• Exercise data
**********
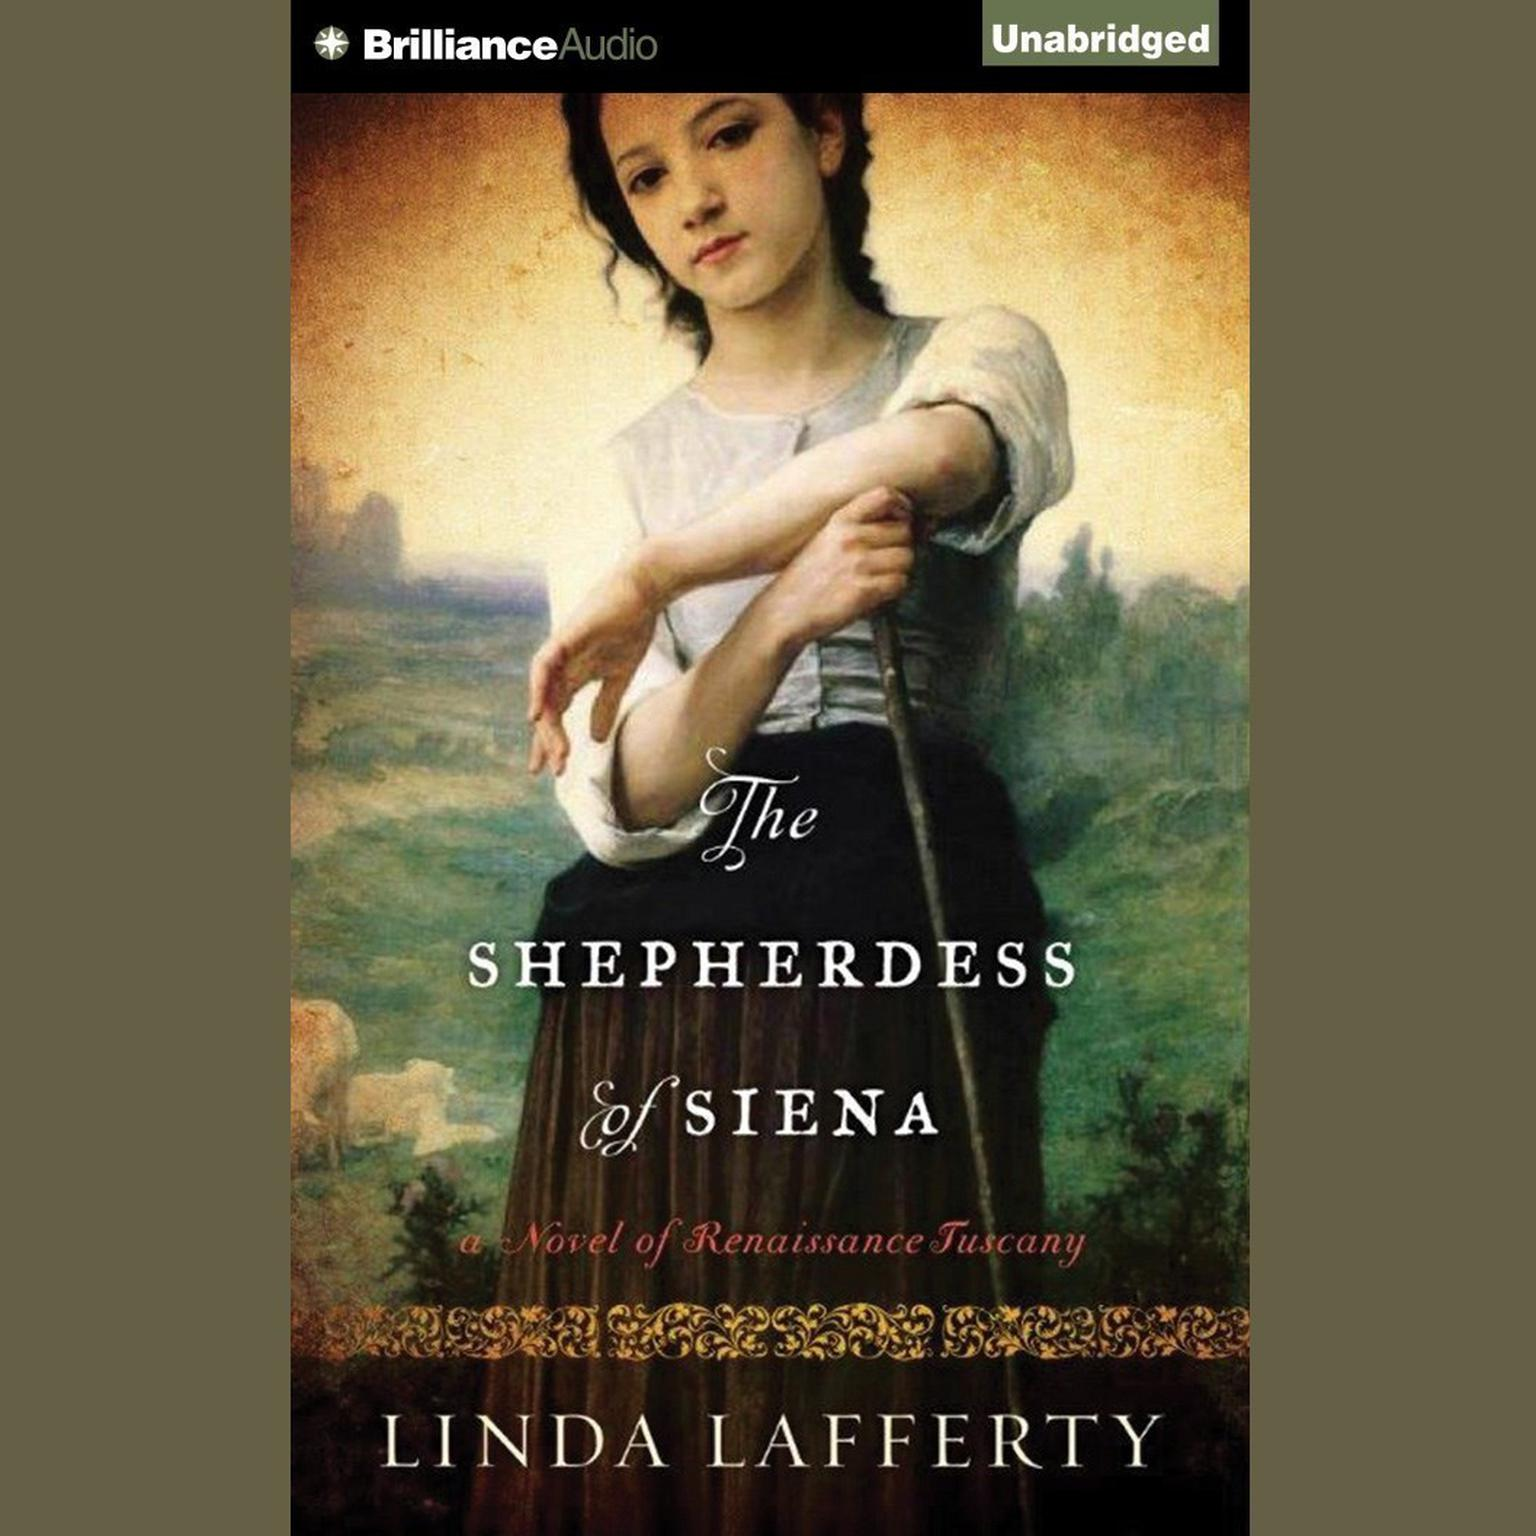 The Shepherdess of Siena: A Novel of Renaissance Tuscany Audiobook, by Linda Lafferty
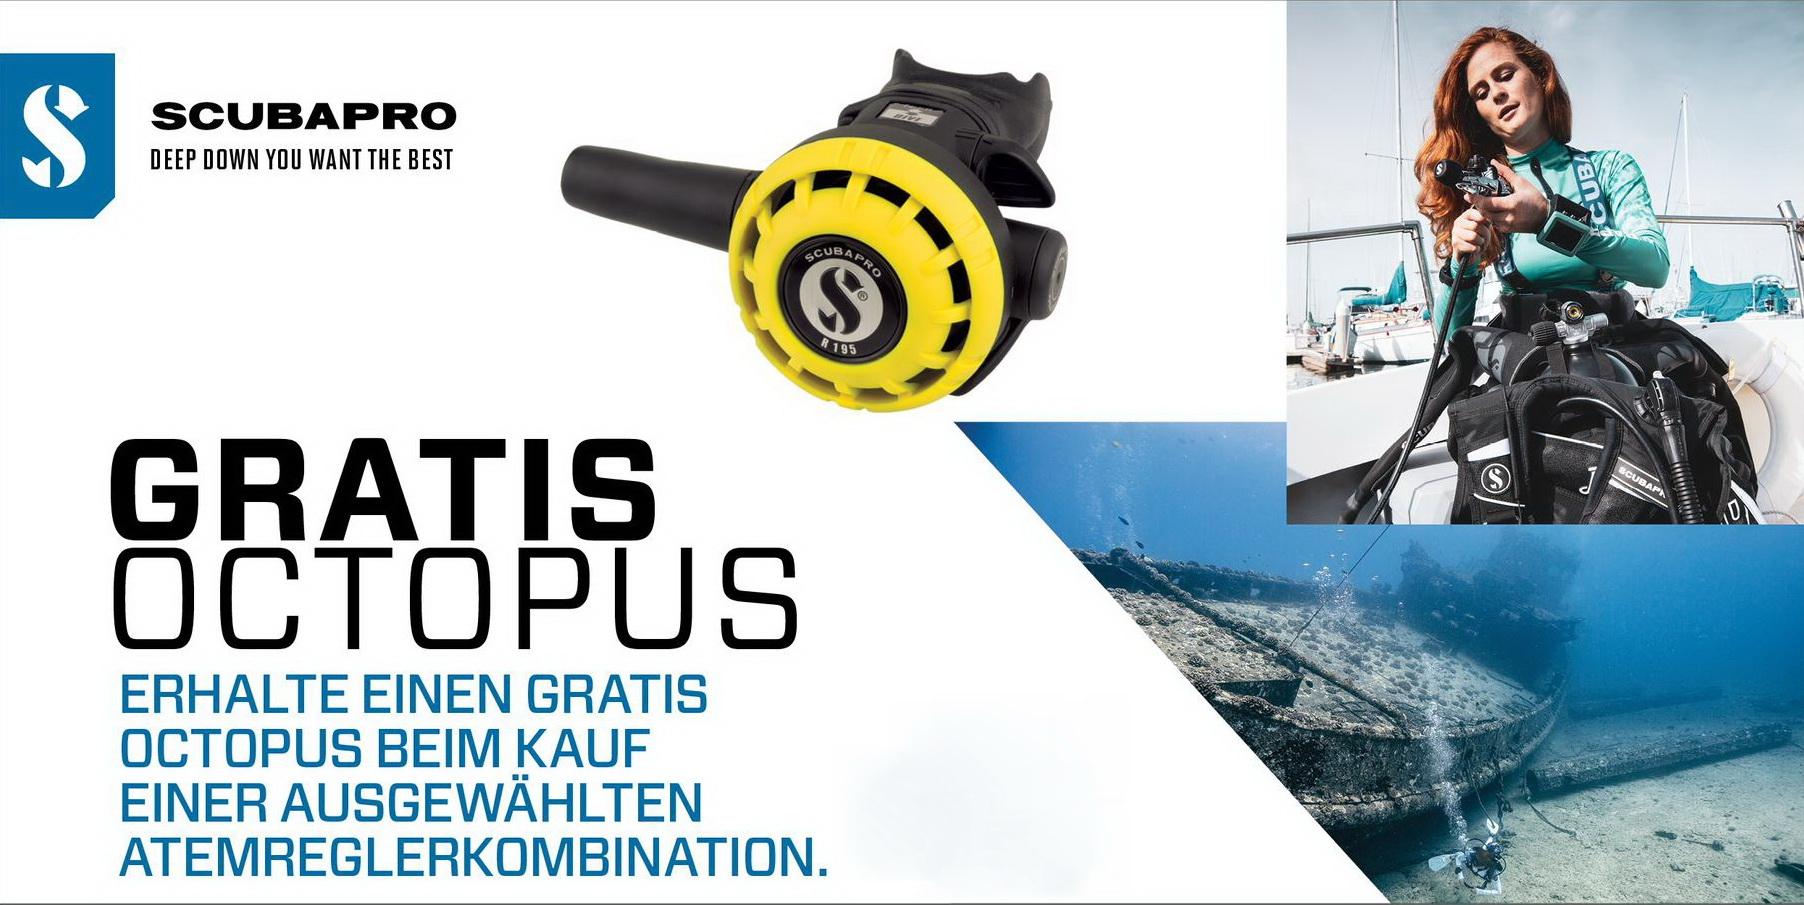 Scubapro gratis Octopus R190 Promo
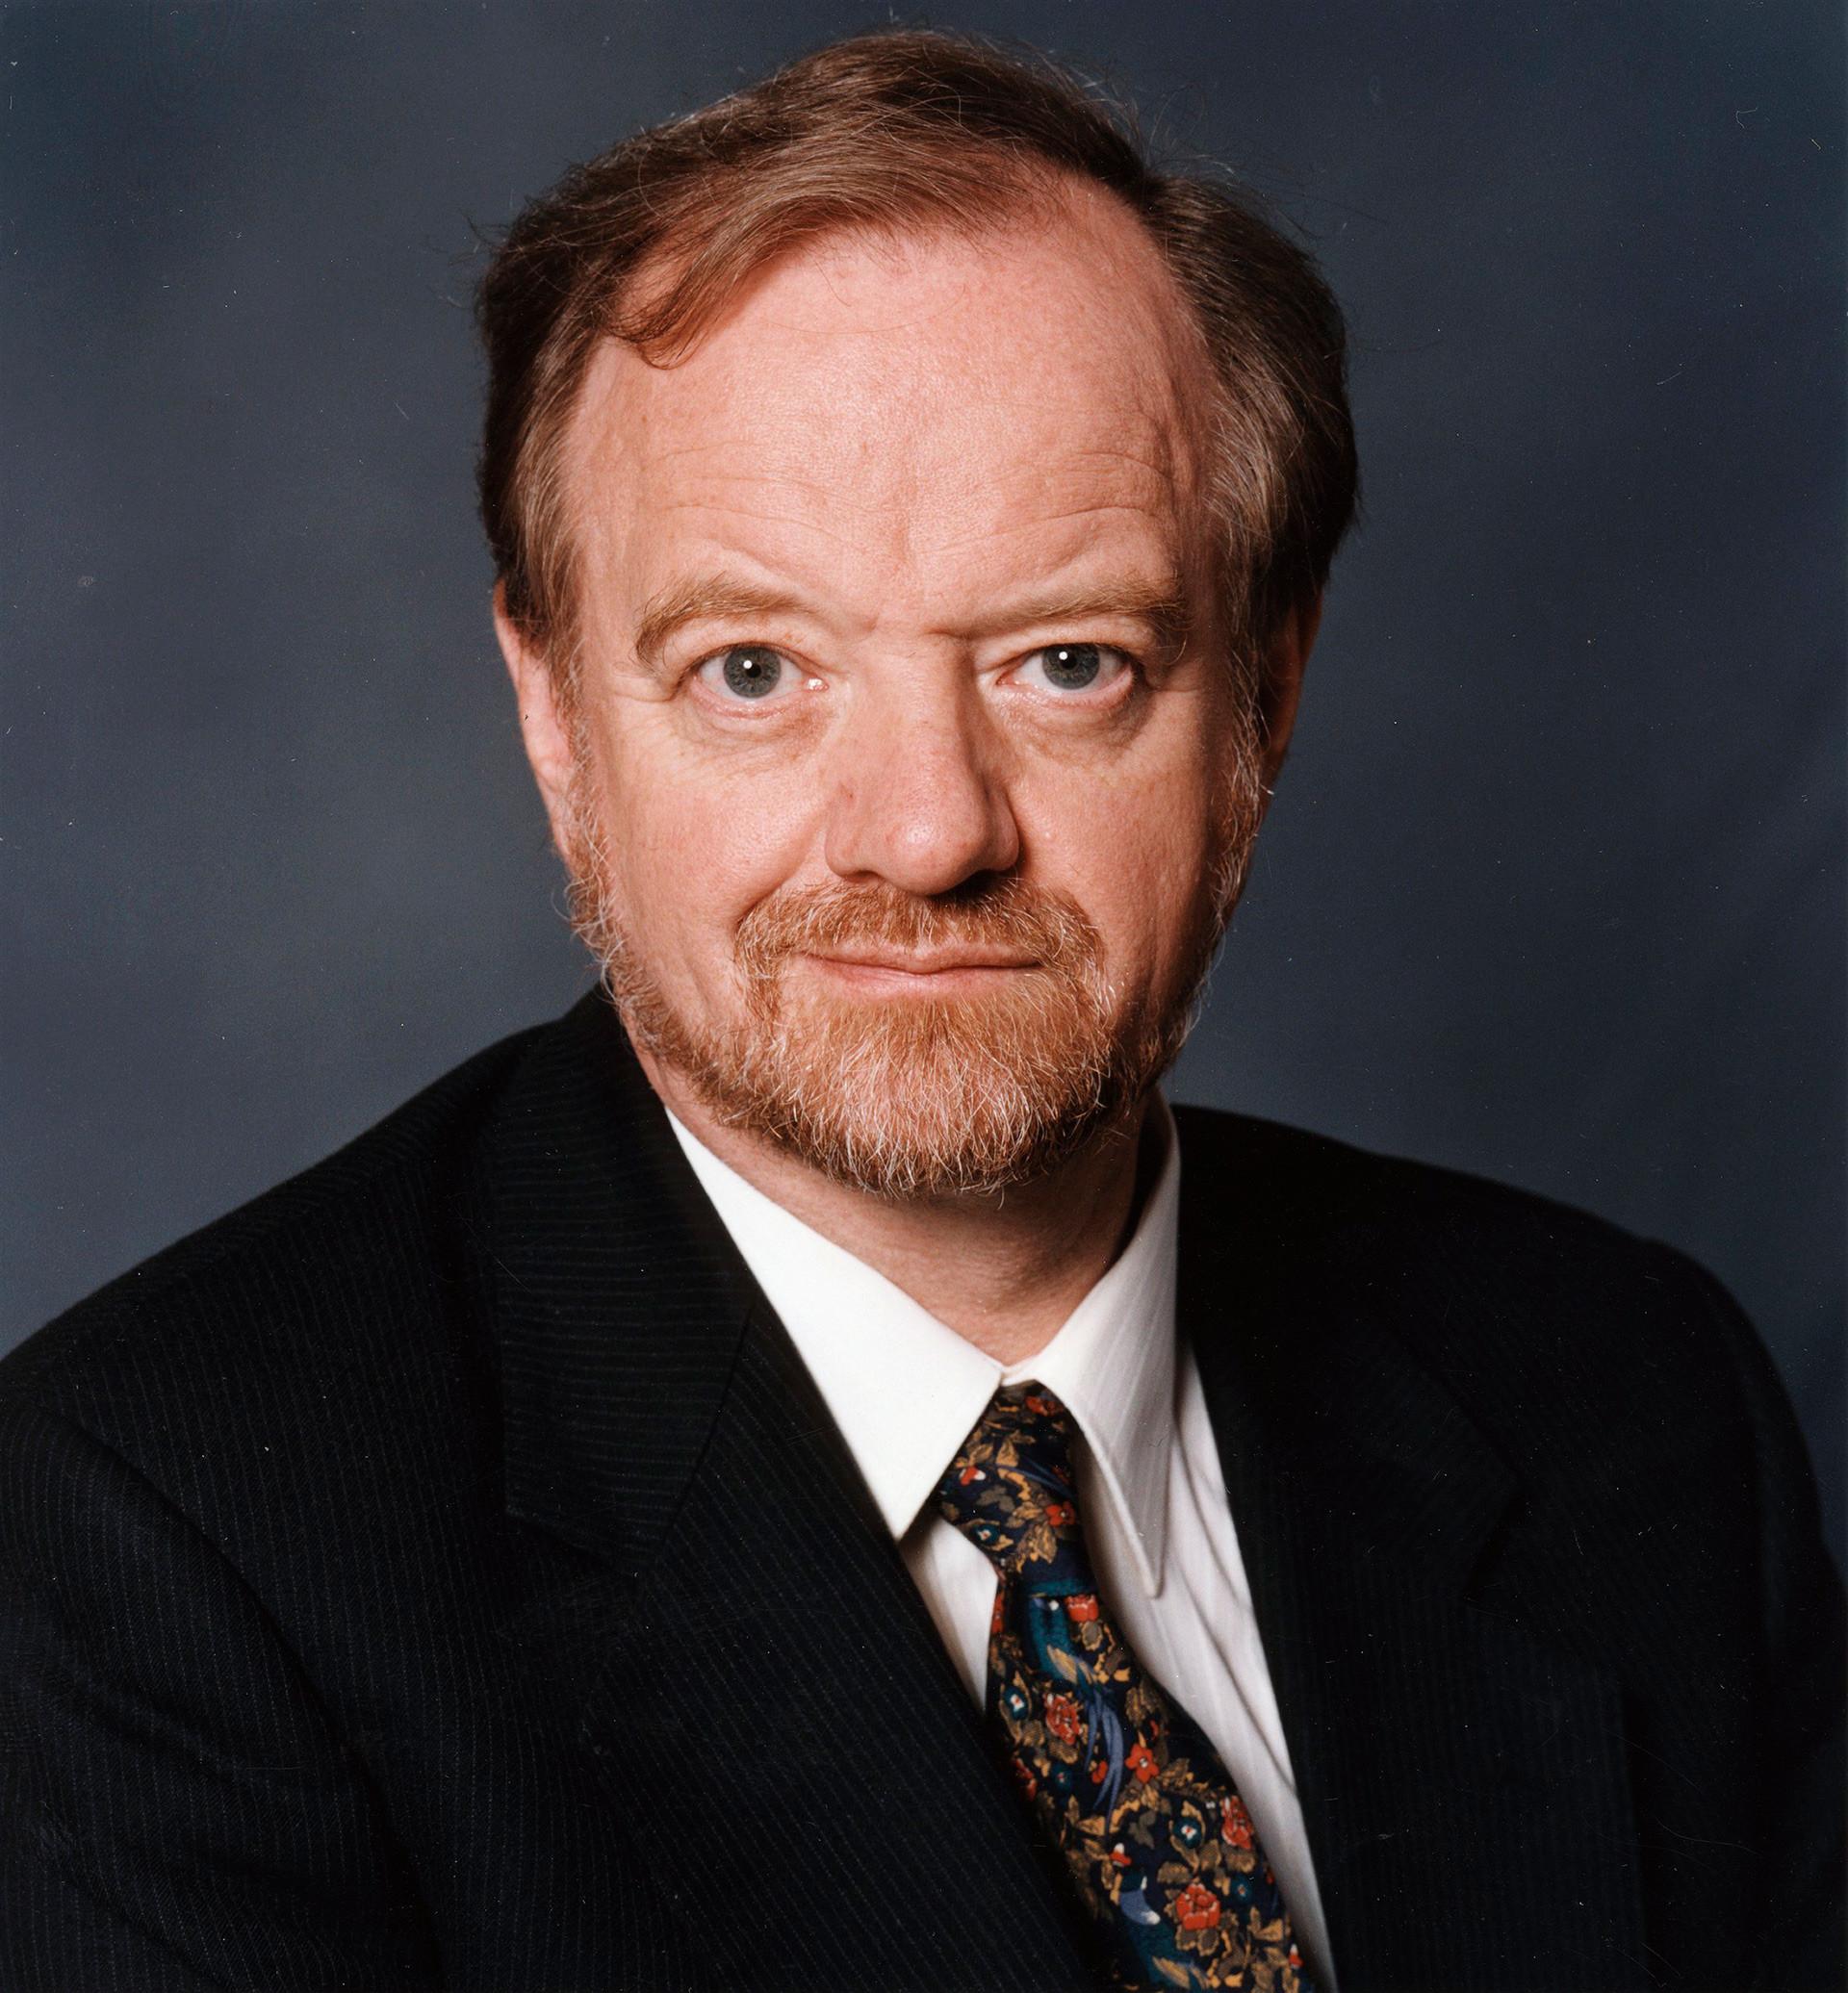 Robin Cook
**********
• Assignment
With the images omitted, return the full material exactly.

• Response to the task
 The Shepherdess of Siena: A Novel of Renaissance Tuscany Audiobook, by Linda Lafferty
 Scubapro gratis Octopus R190 Promo
 Robin Cook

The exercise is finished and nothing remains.